▶ **TASK BRIEF**: Skip the images and copy each record exactly as written.

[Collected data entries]

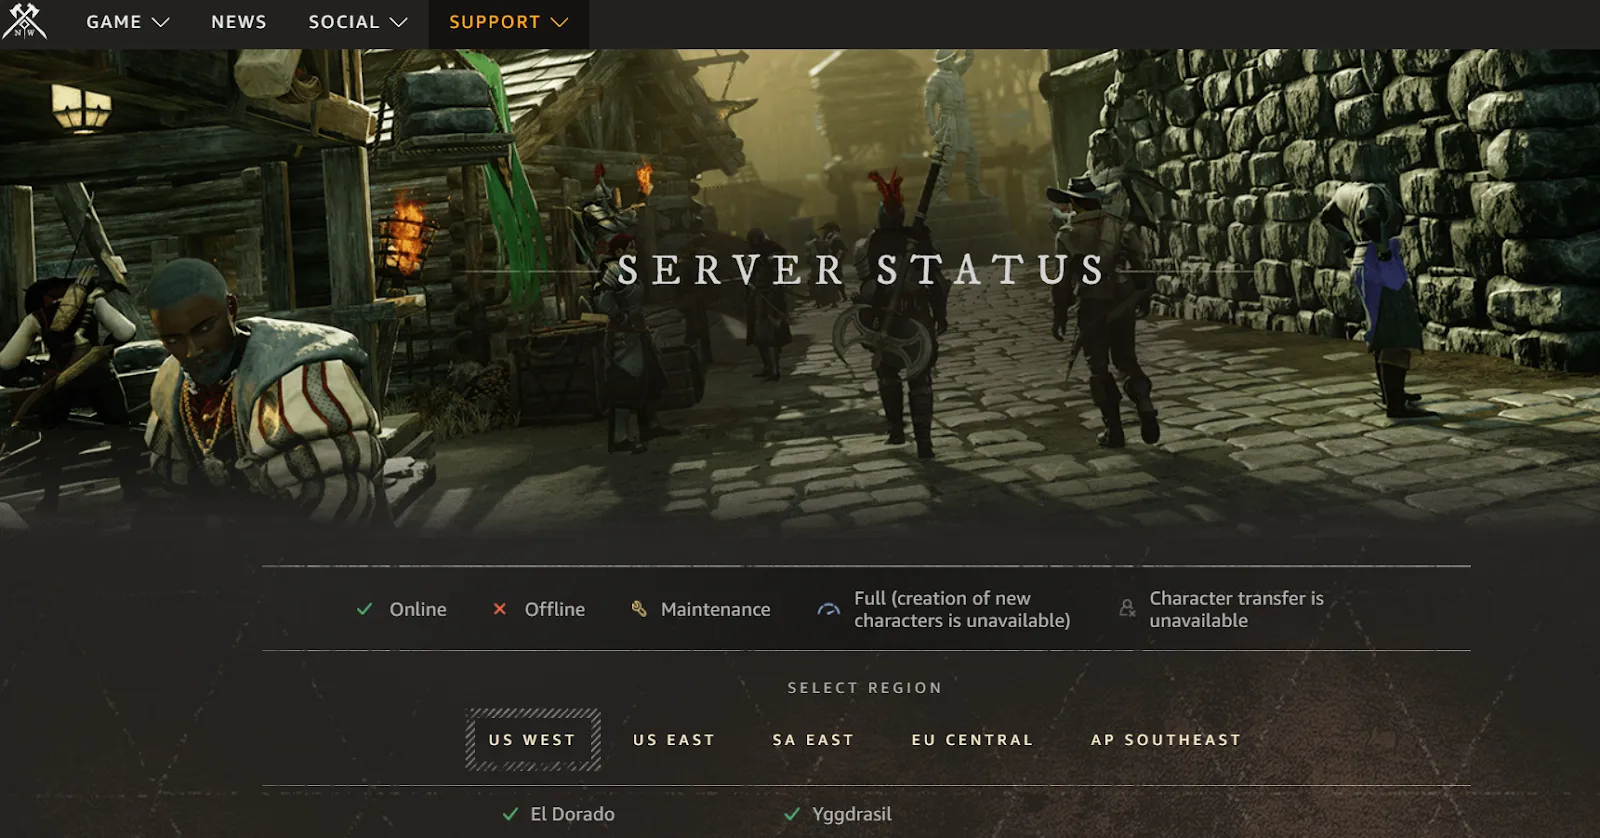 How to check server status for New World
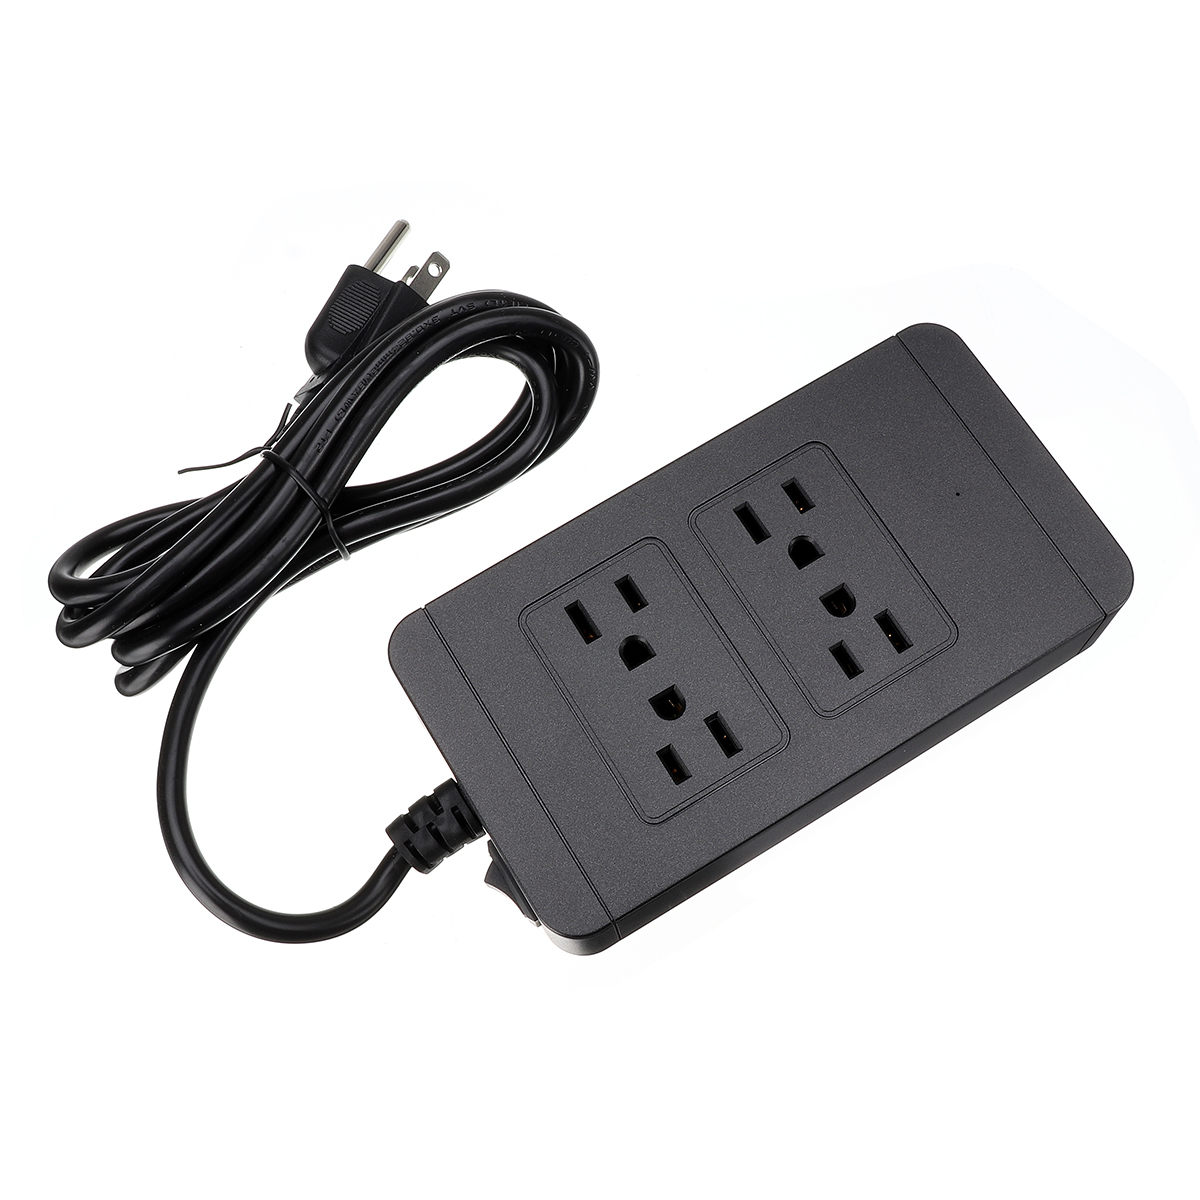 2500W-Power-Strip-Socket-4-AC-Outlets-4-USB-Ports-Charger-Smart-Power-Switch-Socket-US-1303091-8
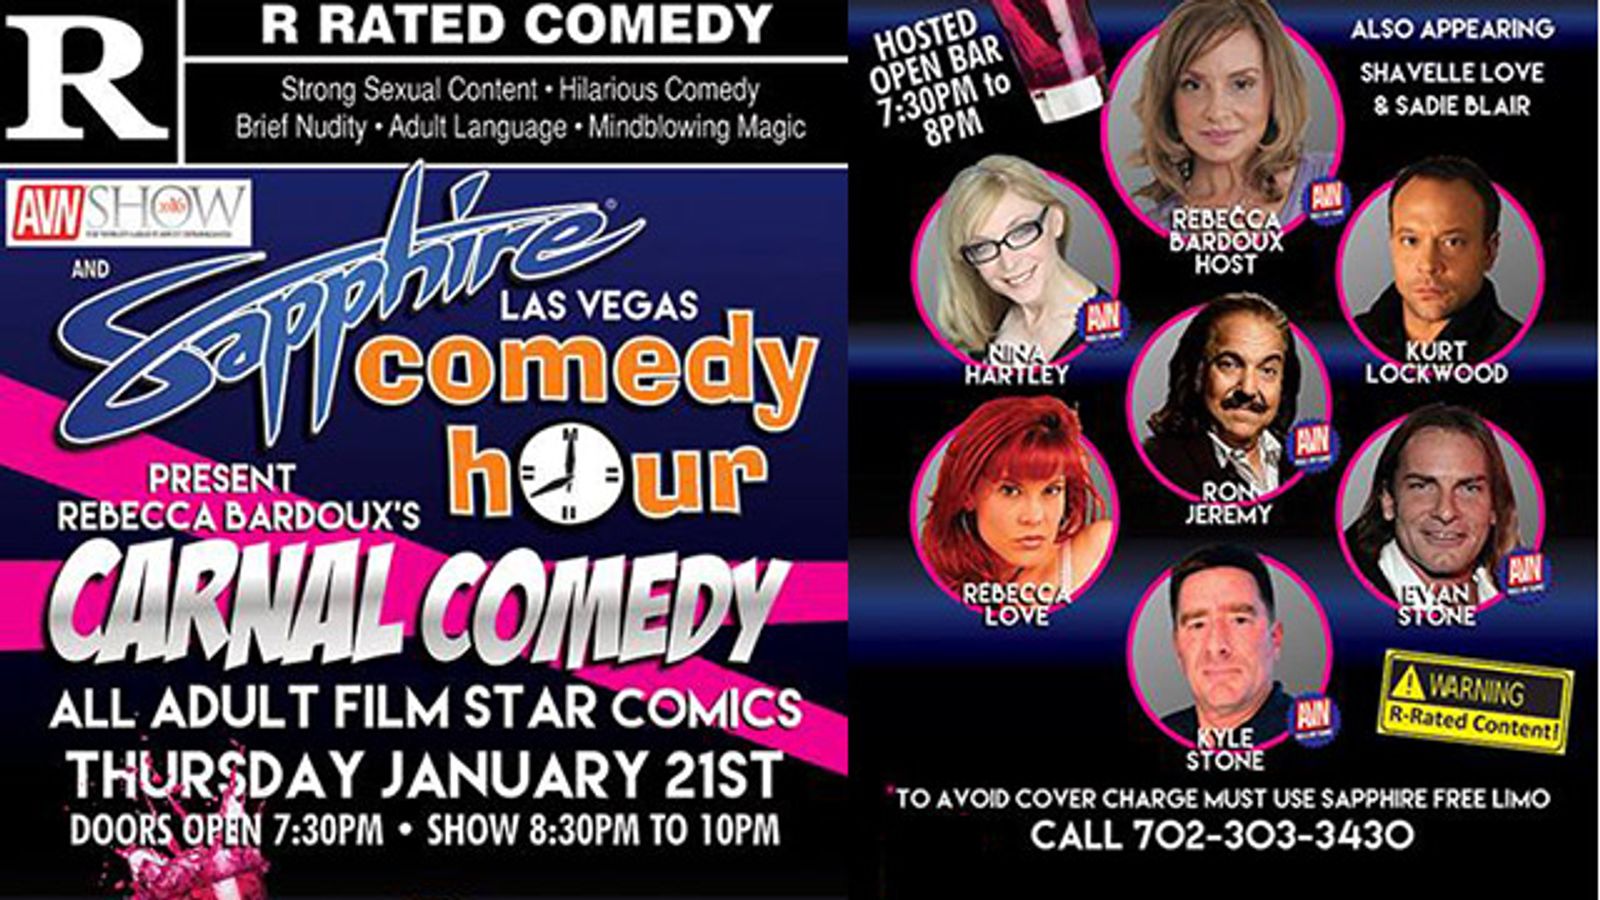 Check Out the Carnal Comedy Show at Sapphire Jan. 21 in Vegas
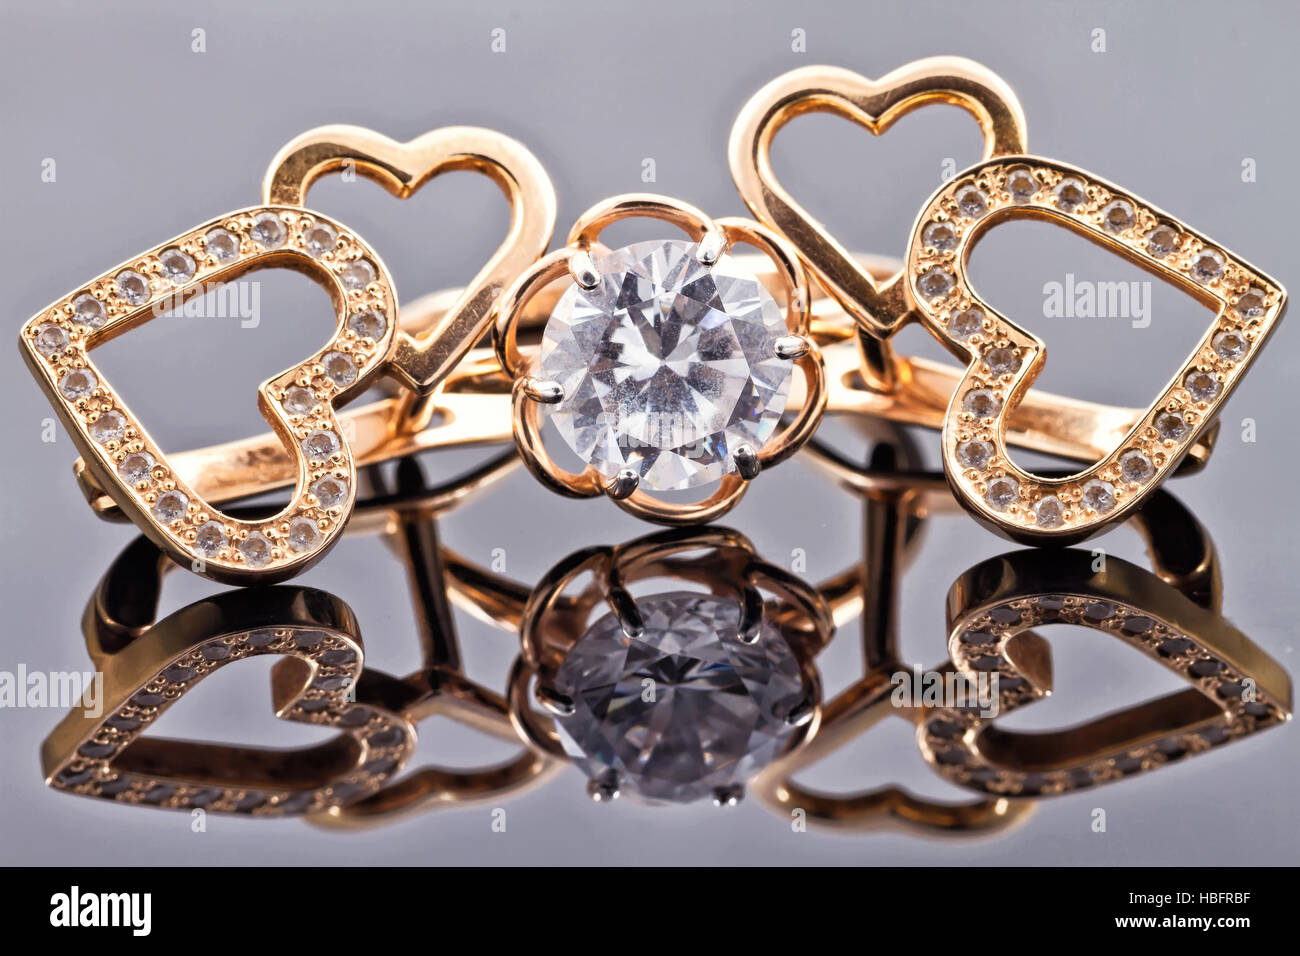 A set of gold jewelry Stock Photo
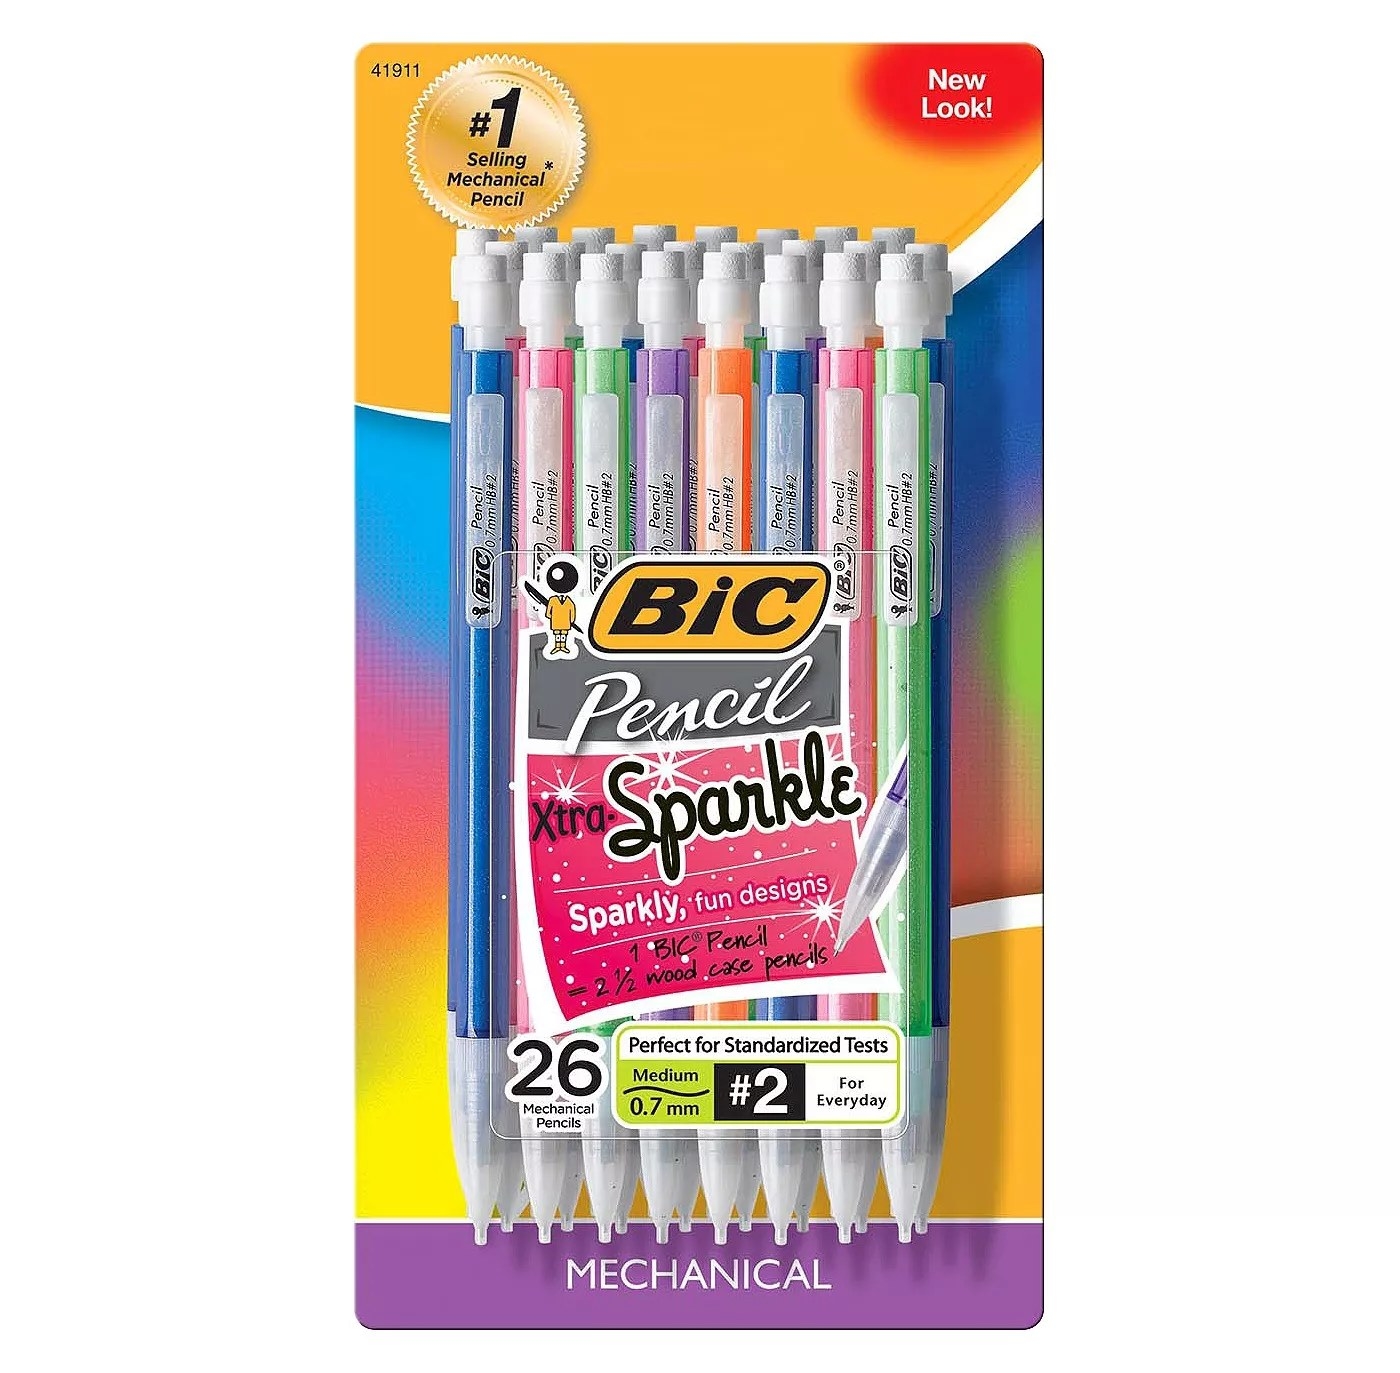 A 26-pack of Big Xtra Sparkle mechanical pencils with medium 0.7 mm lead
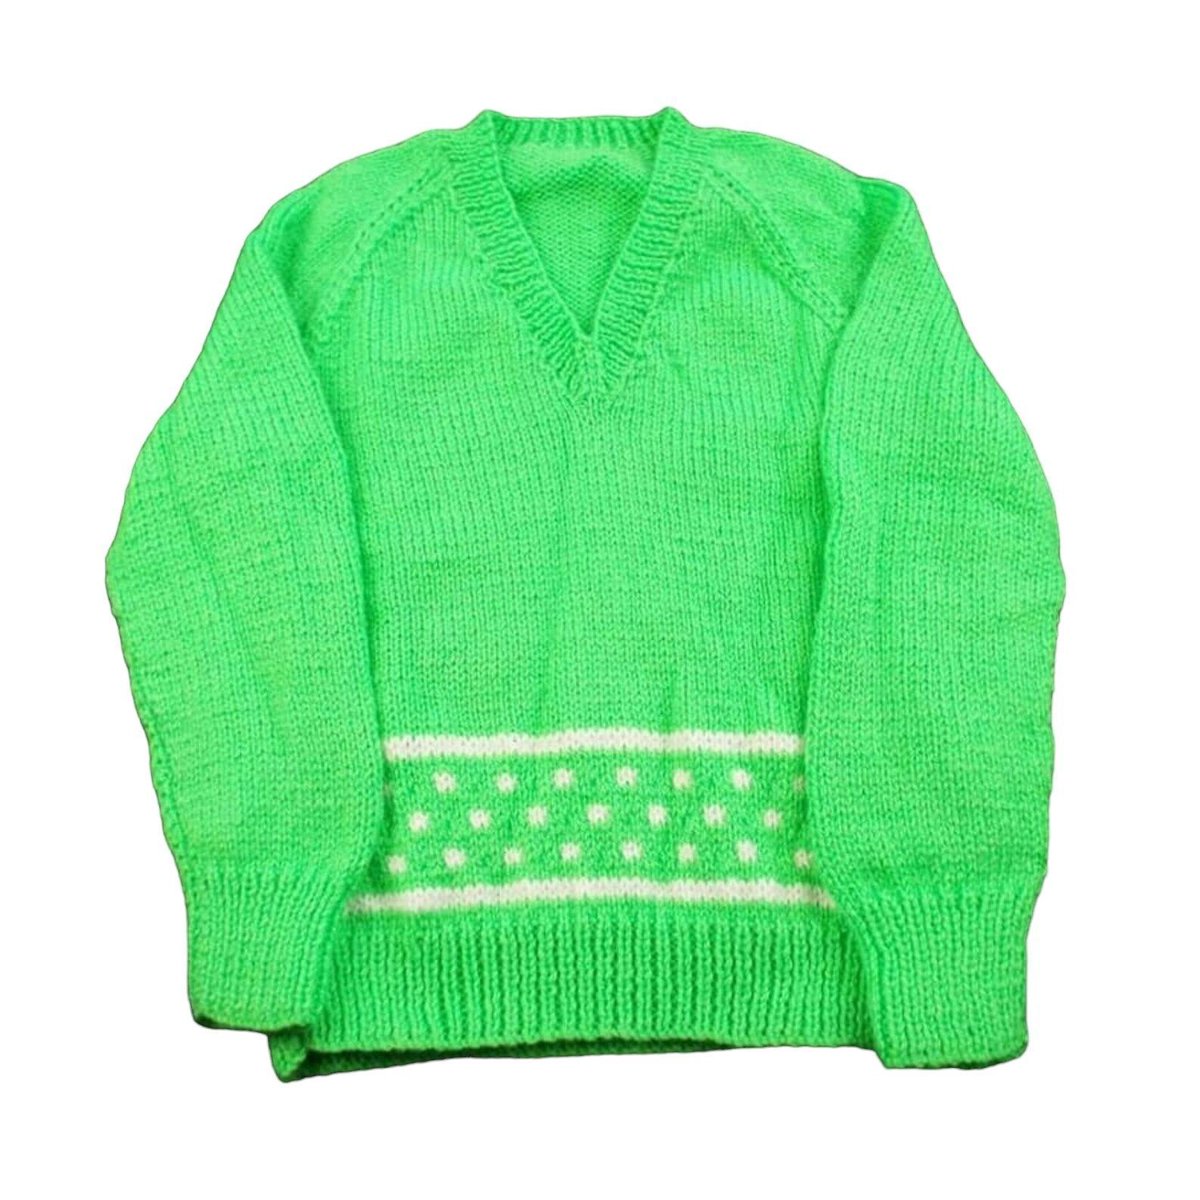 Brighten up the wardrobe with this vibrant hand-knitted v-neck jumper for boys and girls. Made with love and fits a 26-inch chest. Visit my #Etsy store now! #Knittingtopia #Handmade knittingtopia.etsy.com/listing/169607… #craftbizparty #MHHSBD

▶ **COMPLETED EXERCISE**:
 How to check server status for New World
 2500W-Power-Strip-Socket-4-AC-Outlets-4-USB-Ports-Charger-Smart-Power-Switch-Socket-US-1303091-8
 Check Out the Carnal Comedy Show at Sapphire Jan. 21 in Vegas
 A set of gold jewelry Stock Photo
 A 26-pack of Big Xtra Sparkle mechanical pencils with medium 0.7 mm lead
 Brighten up the wardrobe with this vibrant hand-knitted v-neck jumper for boys and girls. Made with love and fits a 26-inch chest. Visit my #Etsy store now! #Knittingtopia #Handmade knittingtopia.etsy.com/listing/169607… #craftbizparty #MHHSBD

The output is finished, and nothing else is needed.